*Work item*
Give the listing below again exactly, but without any of its pictures.

[[ Supplied material open ]]

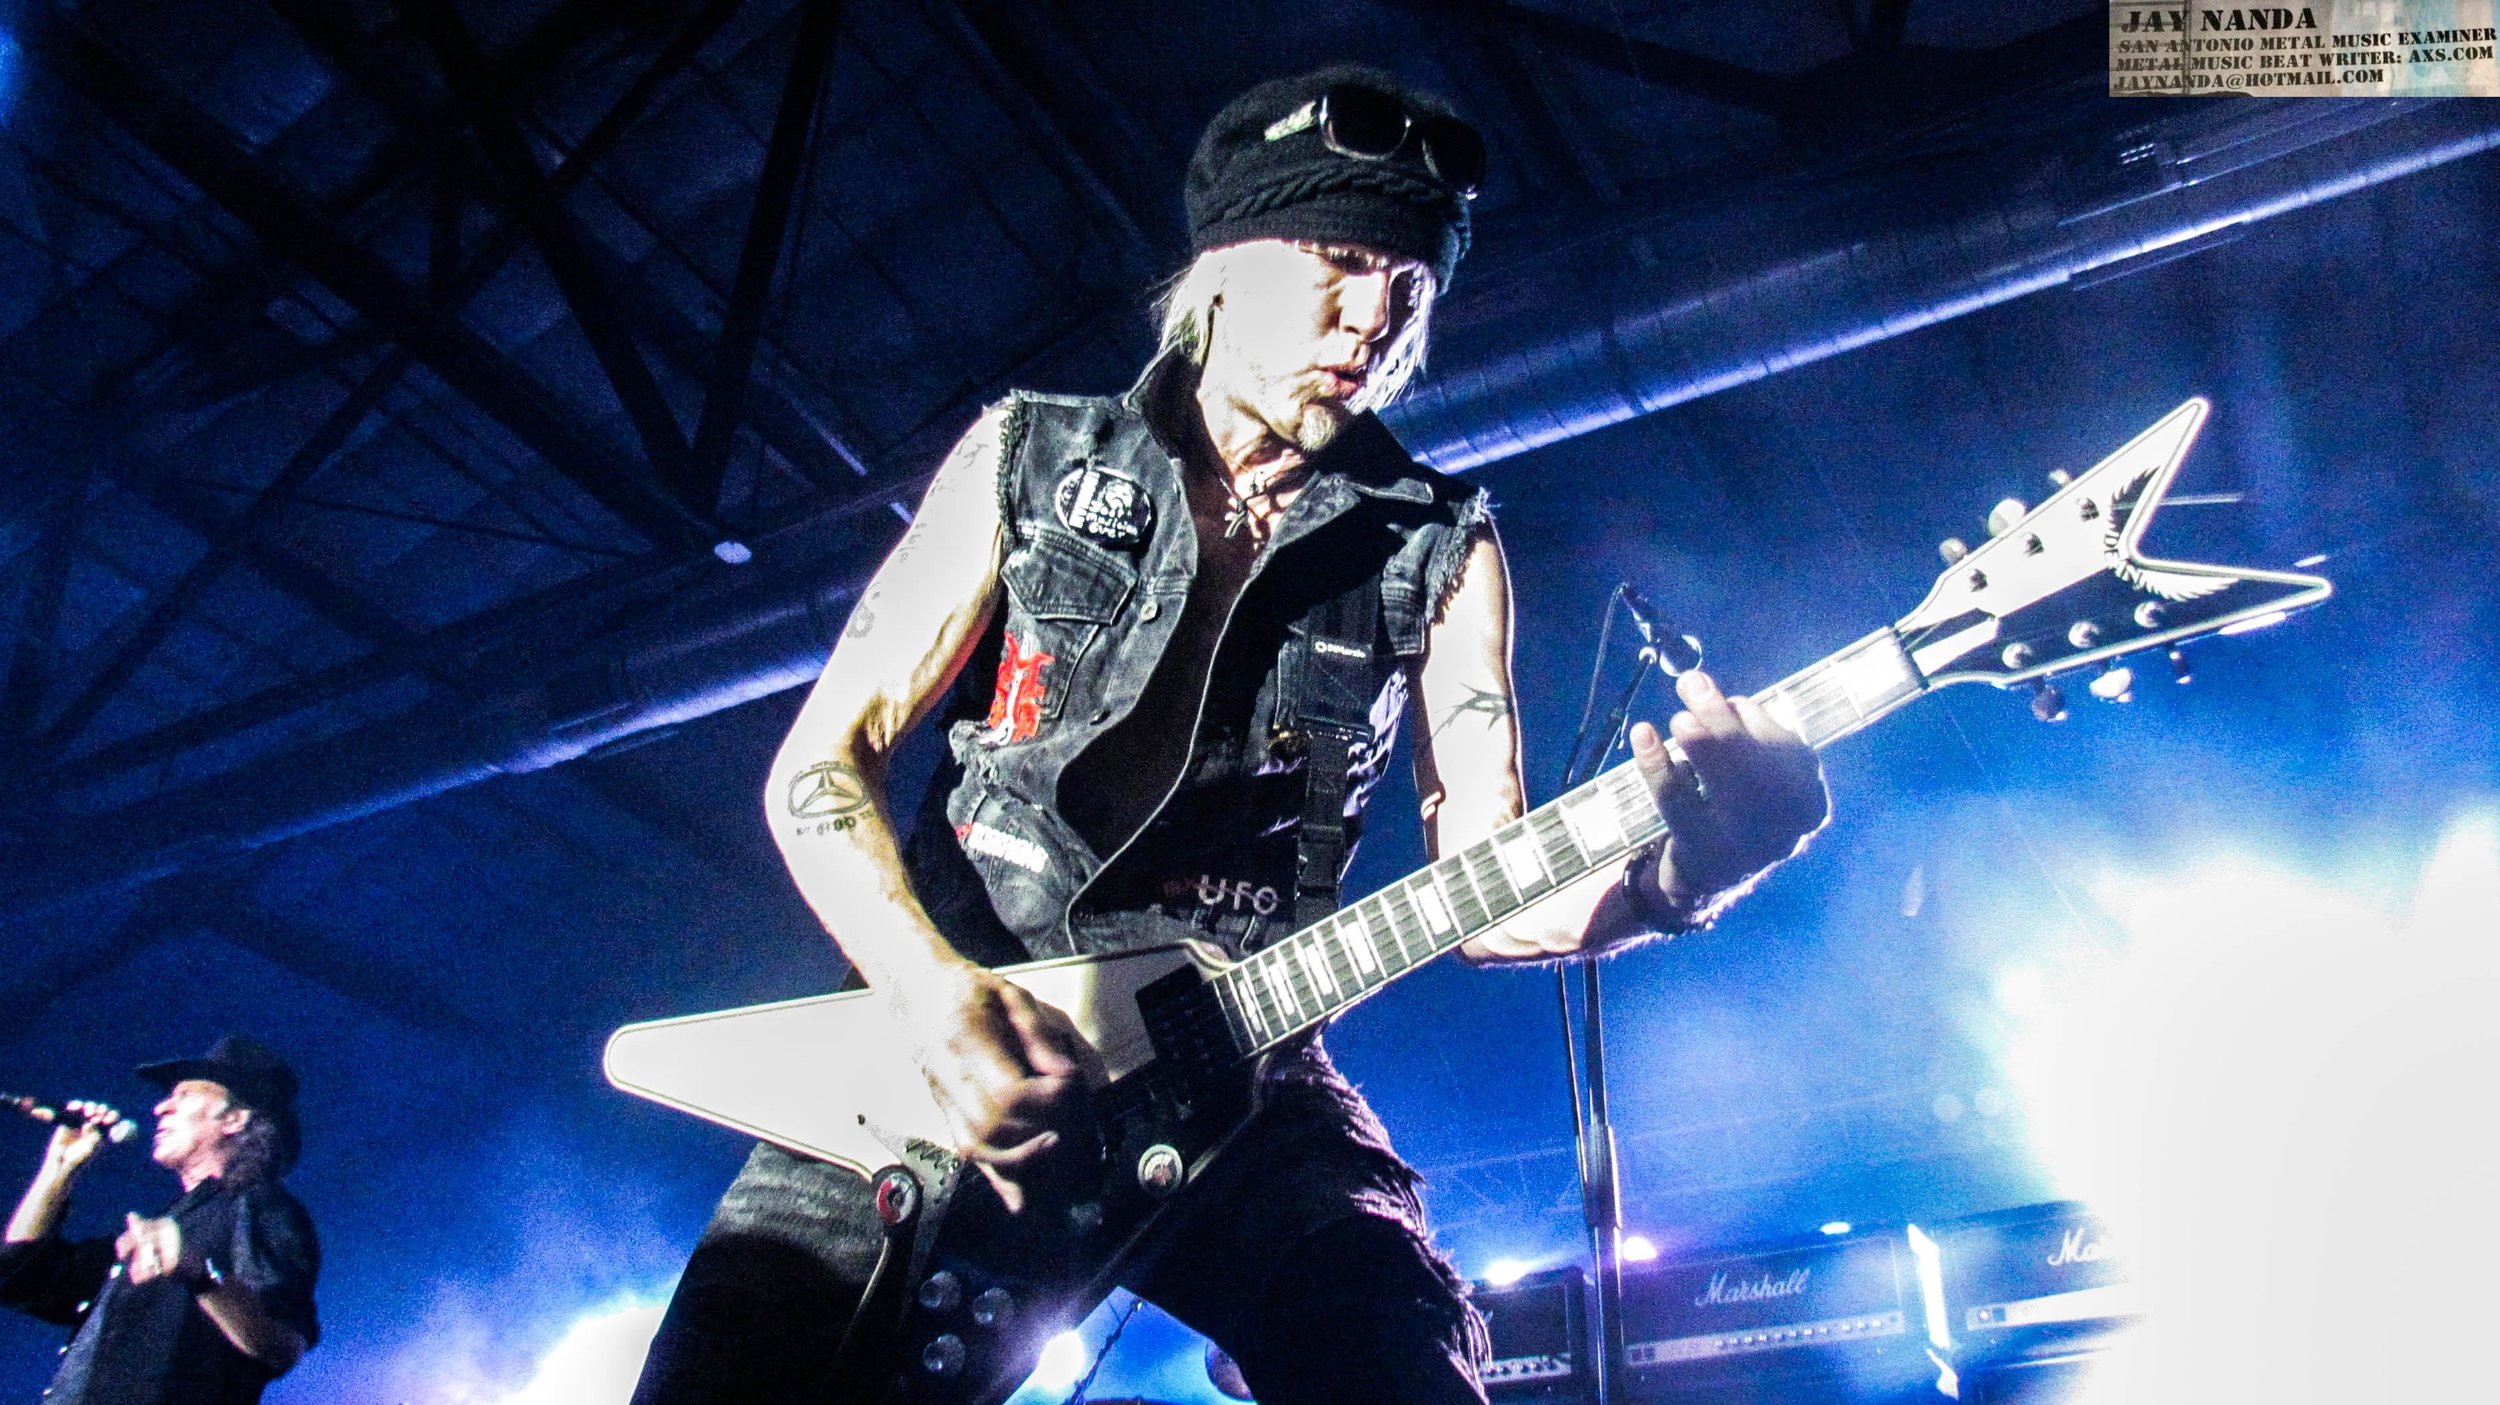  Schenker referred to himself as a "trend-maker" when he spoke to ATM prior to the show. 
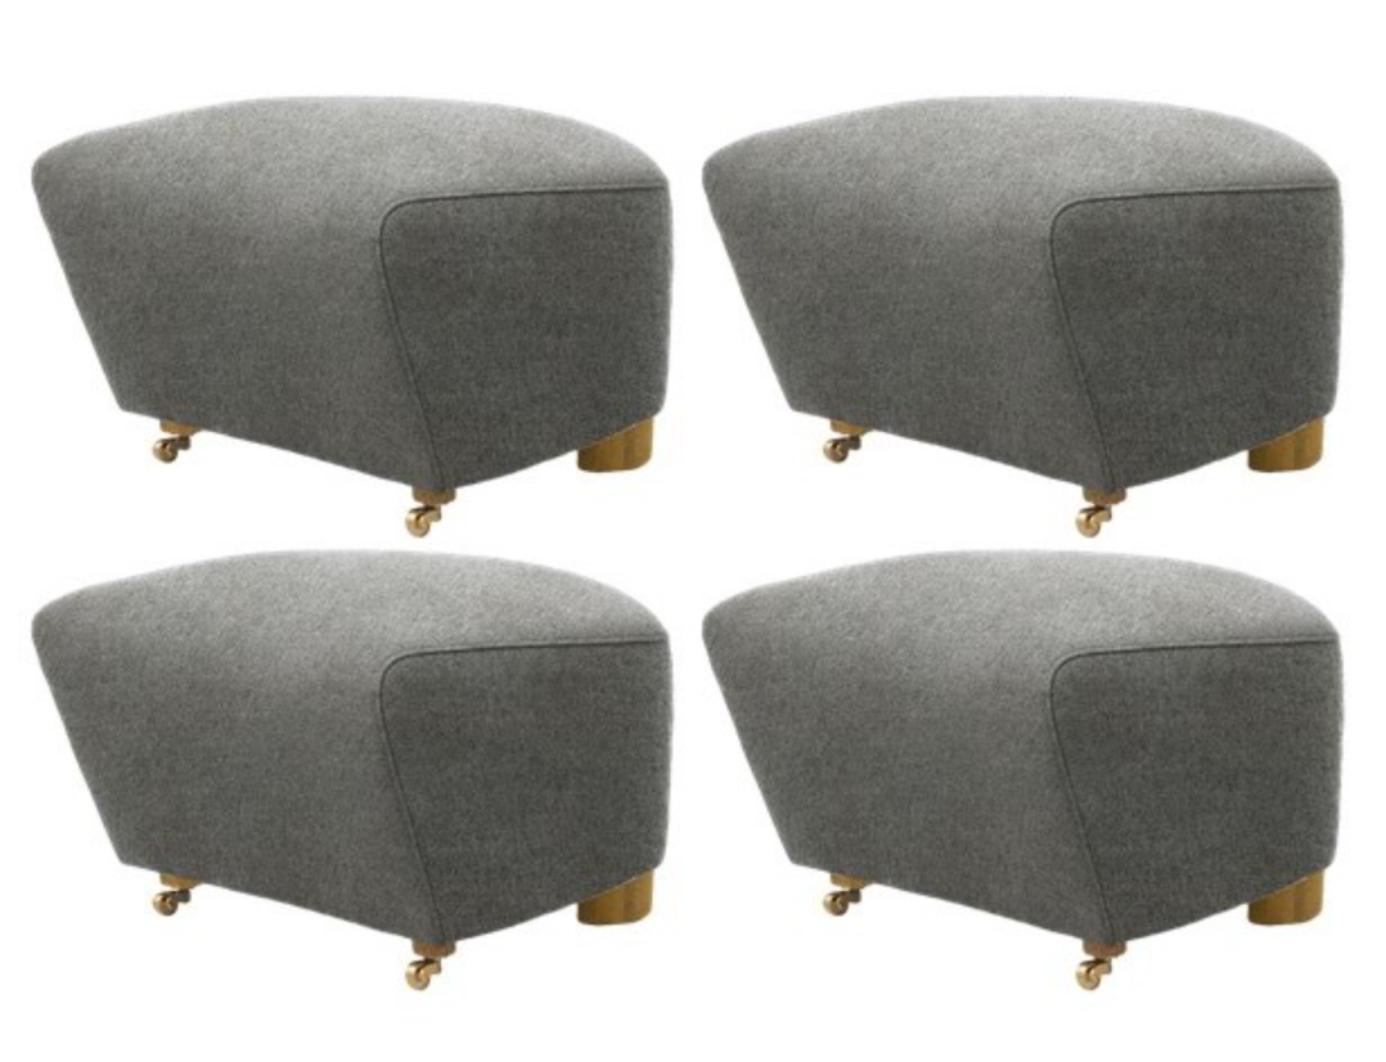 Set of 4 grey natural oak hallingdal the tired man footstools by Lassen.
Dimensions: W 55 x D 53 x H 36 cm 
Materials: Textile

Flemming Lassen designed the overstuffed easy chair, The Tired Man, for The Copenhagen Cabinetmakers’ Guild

[[ Supplied material closed ]]

*Task output*
  Schenker referred to himself as a "trend-maker" when he spoke to ATM prior to the show. 
 Set of 4 grey natural oak hallingdal the tired man footstools by Lassen.
Dimensions: W 55 x D 53 x H 36 cm 
Materials: Textile

Flemming Lassen designed the overstuffed easy chair, The Tired Man, for The Copenhagen Cabinetmakers’ Guild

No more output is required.